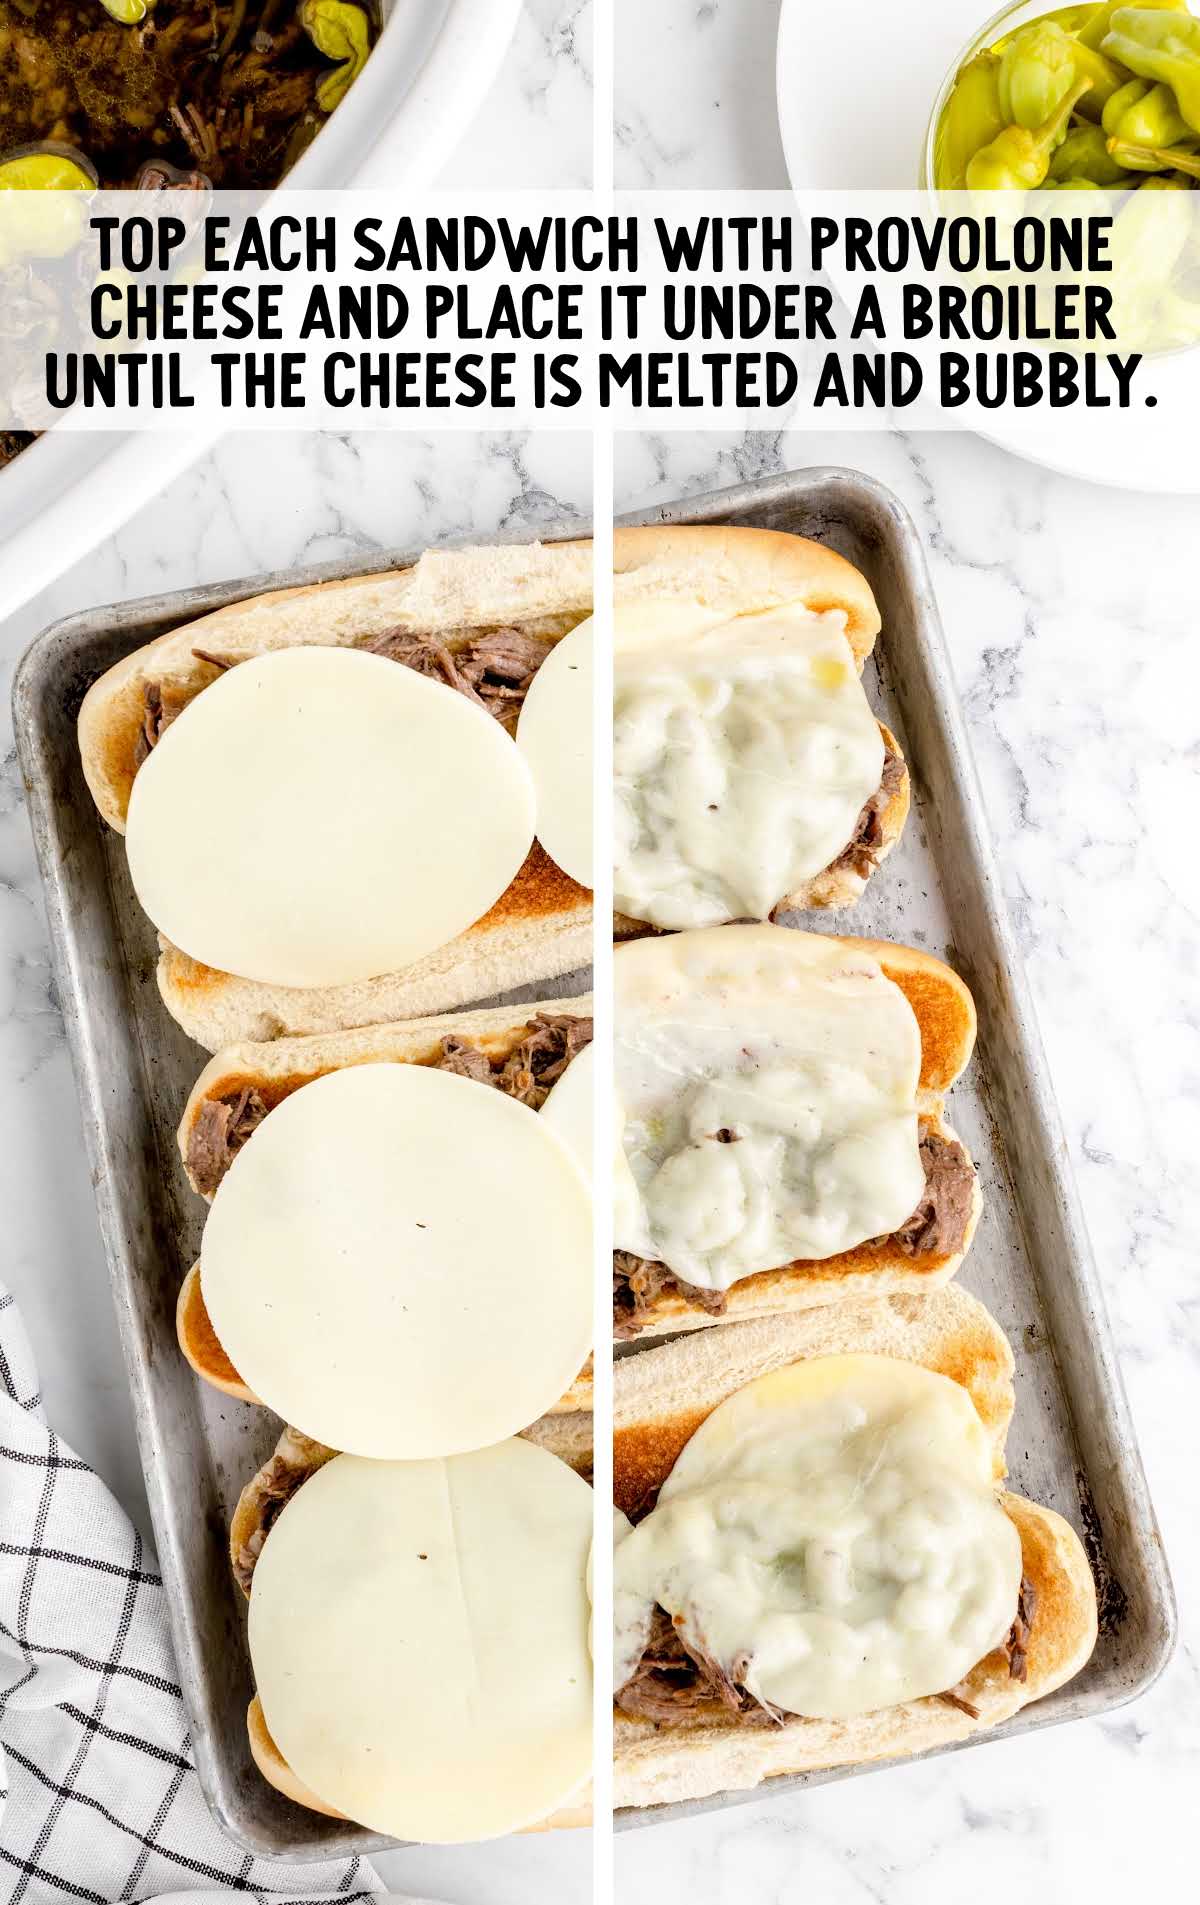 sandwiches topped with provolone cheese
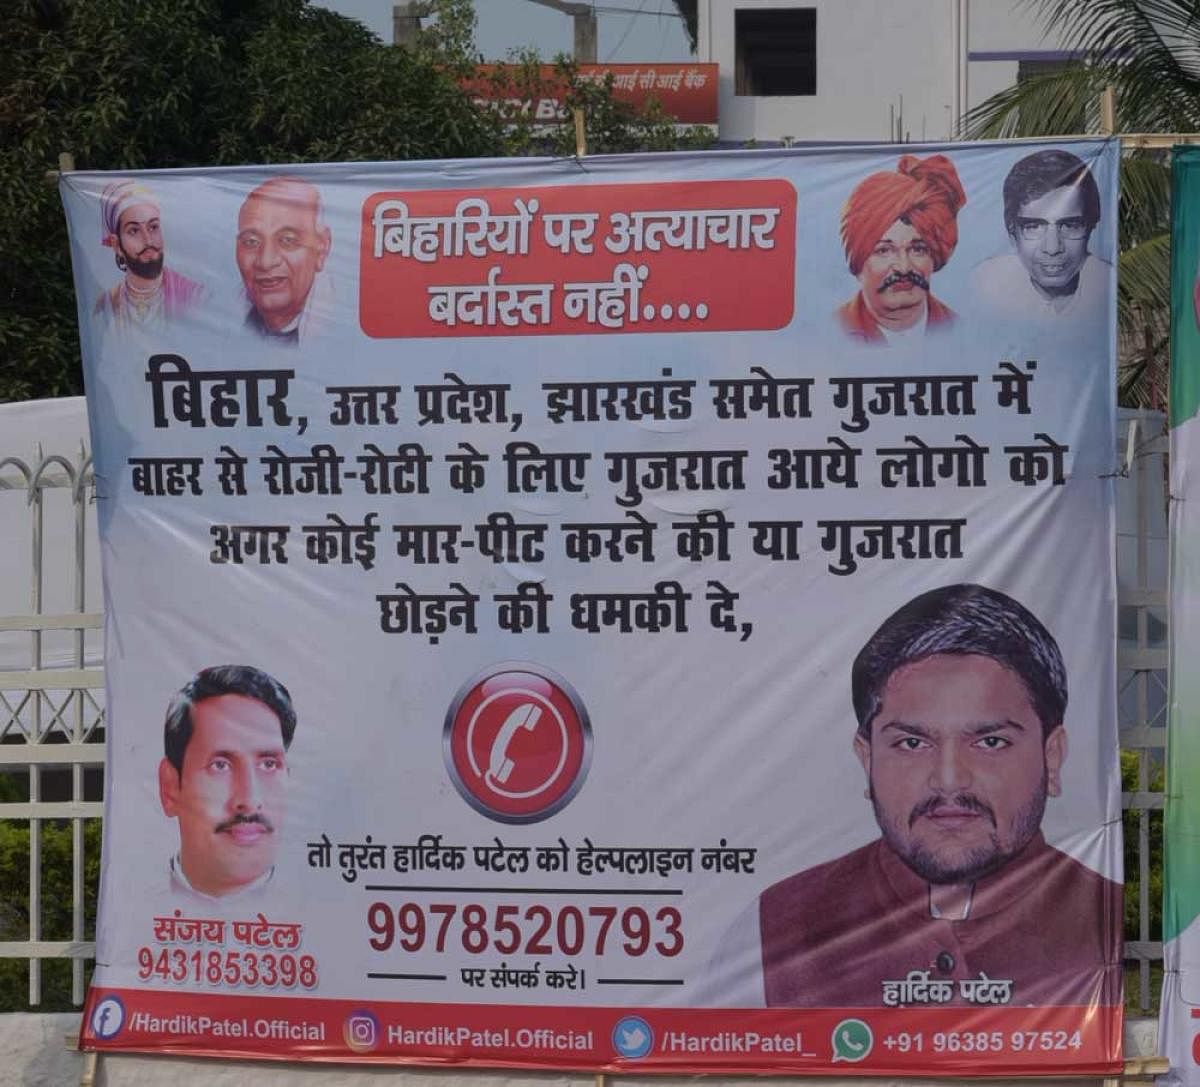 A hoarding of Hardik Patel, assuring protection to Biharis, has been put up at Income Tax Crossing in Patna on Wednesday. DH Photo/MOHAN PRASAD
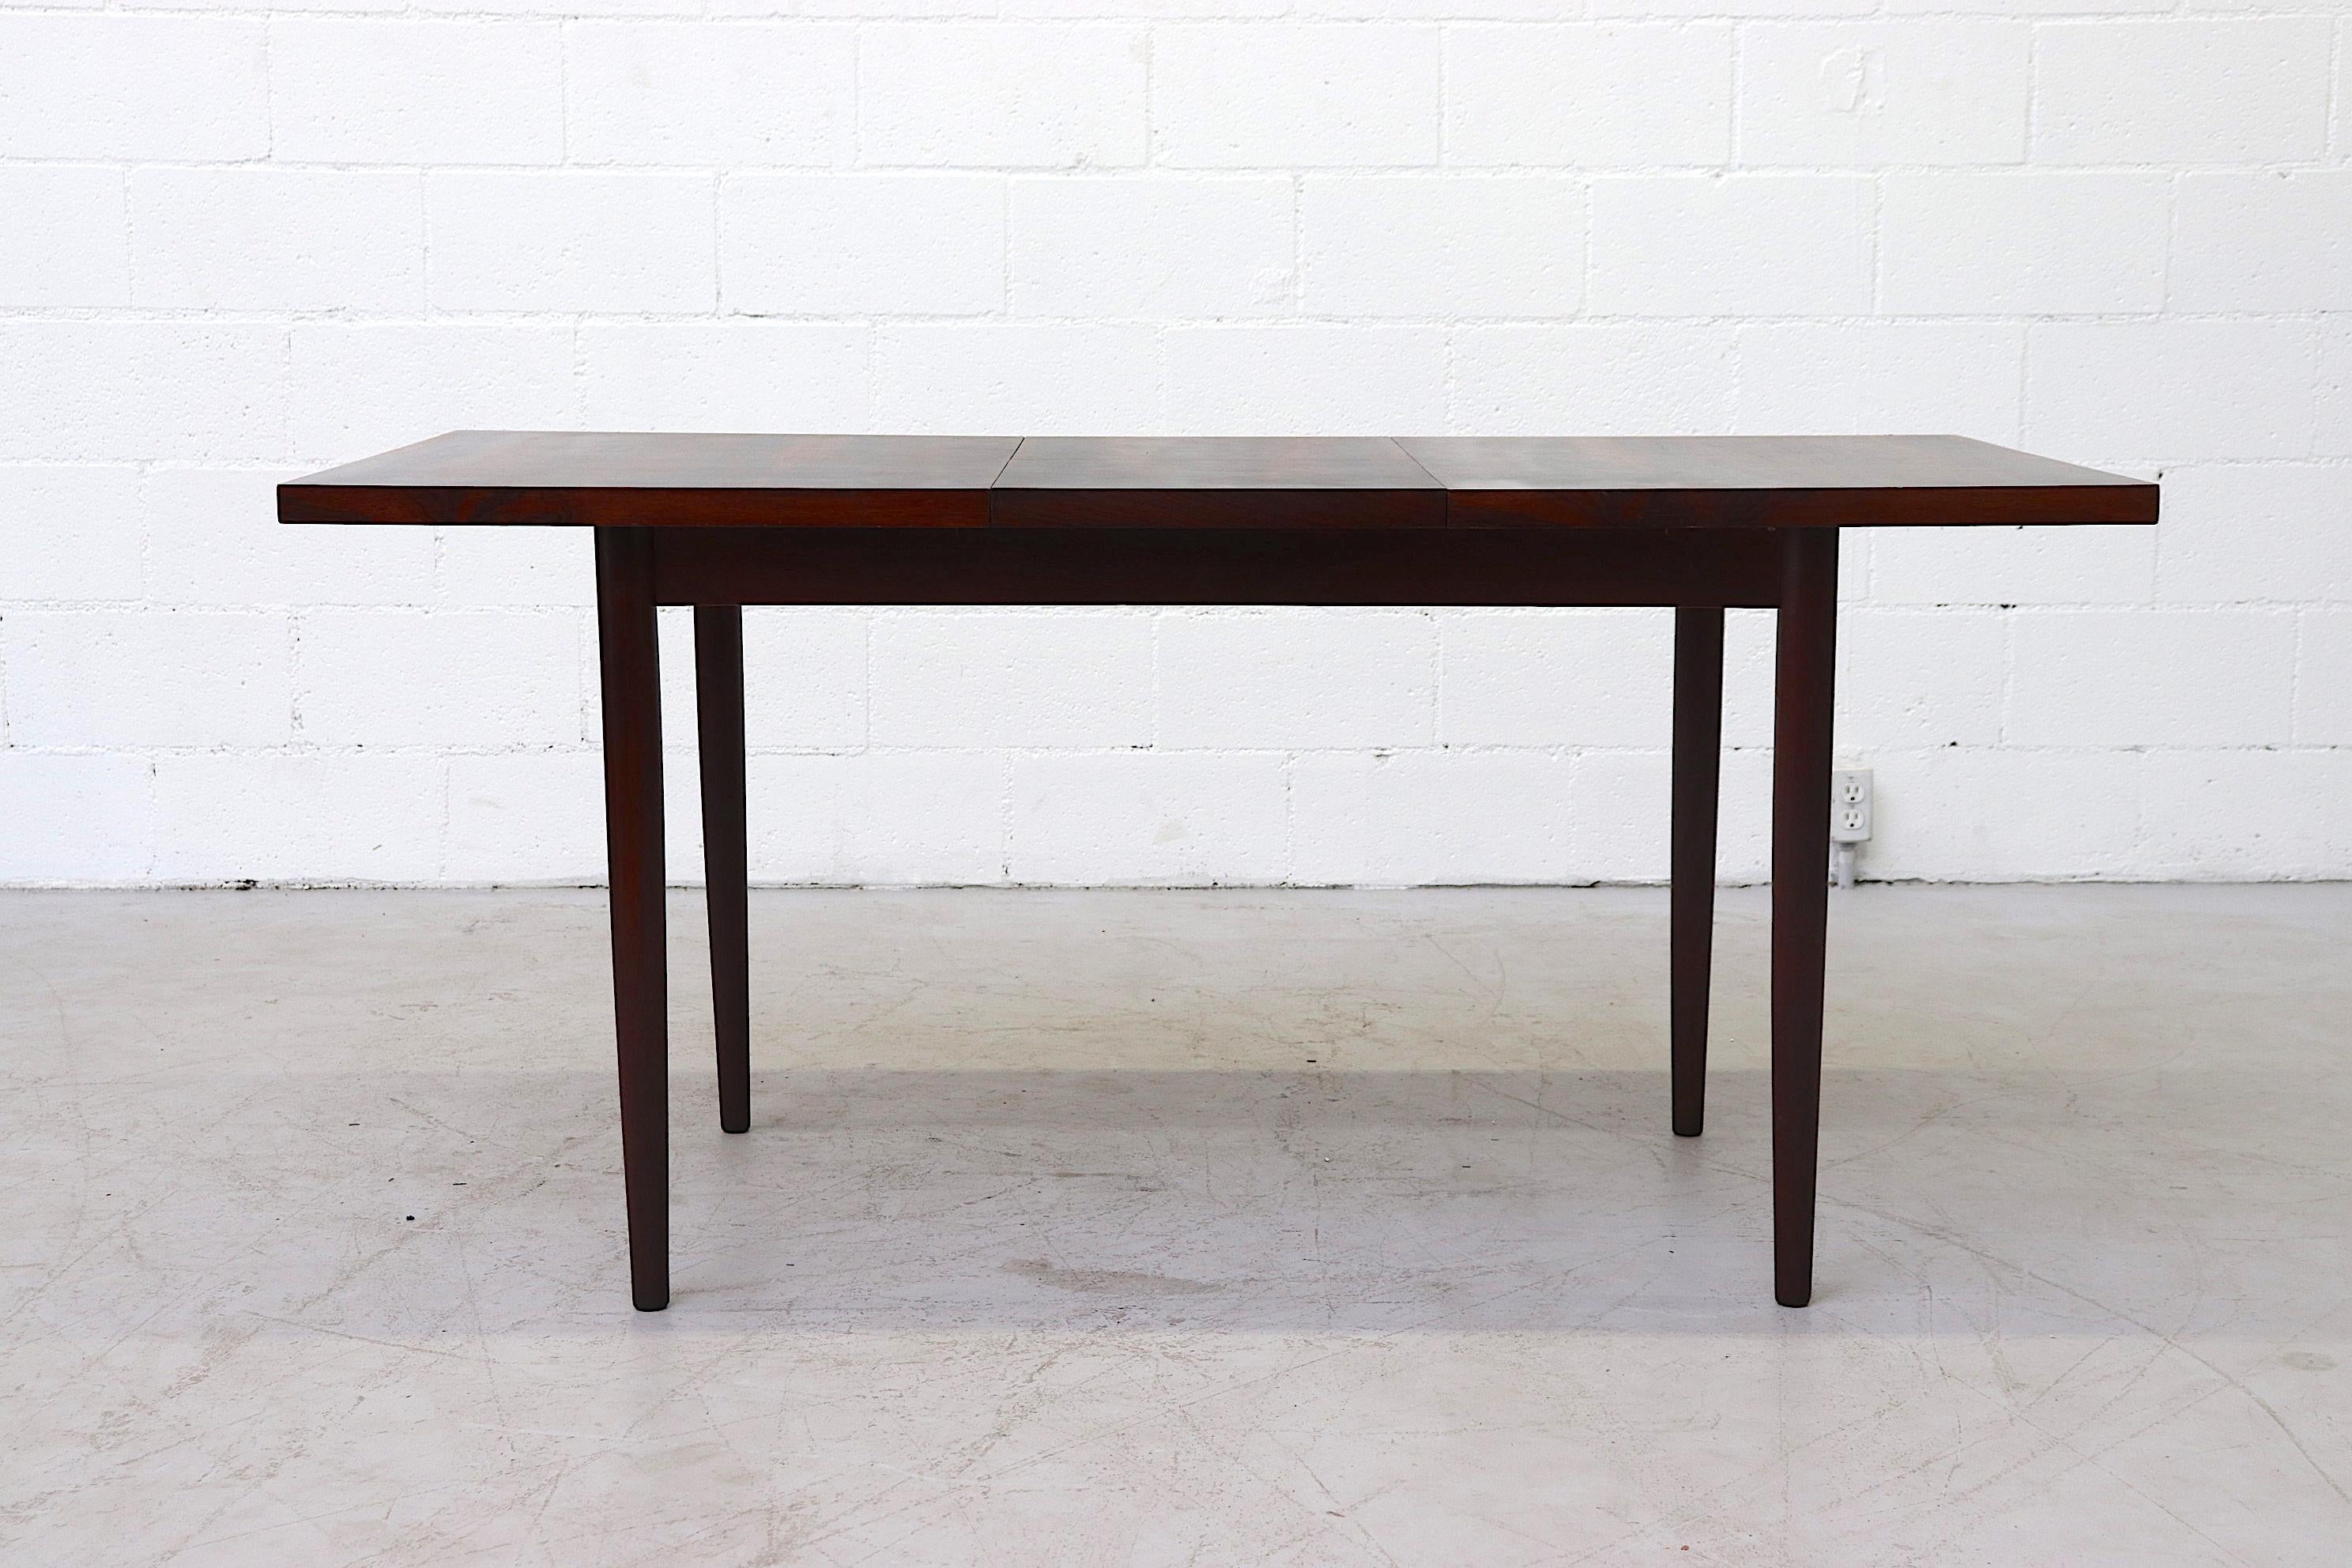 Beautiful rosewood dining table with hidden leaf and lightly refinished with round wood legs. In original condition with wear consistent with age. Table extends to 62.5

★ ★ ★

Images in the data above are to be skipped. Retype all other material exactly.

 sandwiches topped with provolone cheese
 A hoarding of Hardik Patel, assuring protection to Biharis, has been put up at Income Tax Crossing in Patna on Wednesday. DH Photo/MOHAN PRASAD
 Beautiful rosewood dining table with hidden leaf and lightly refinished with round wood legs. In original condition with wear consistent with age. Table extends to 62.5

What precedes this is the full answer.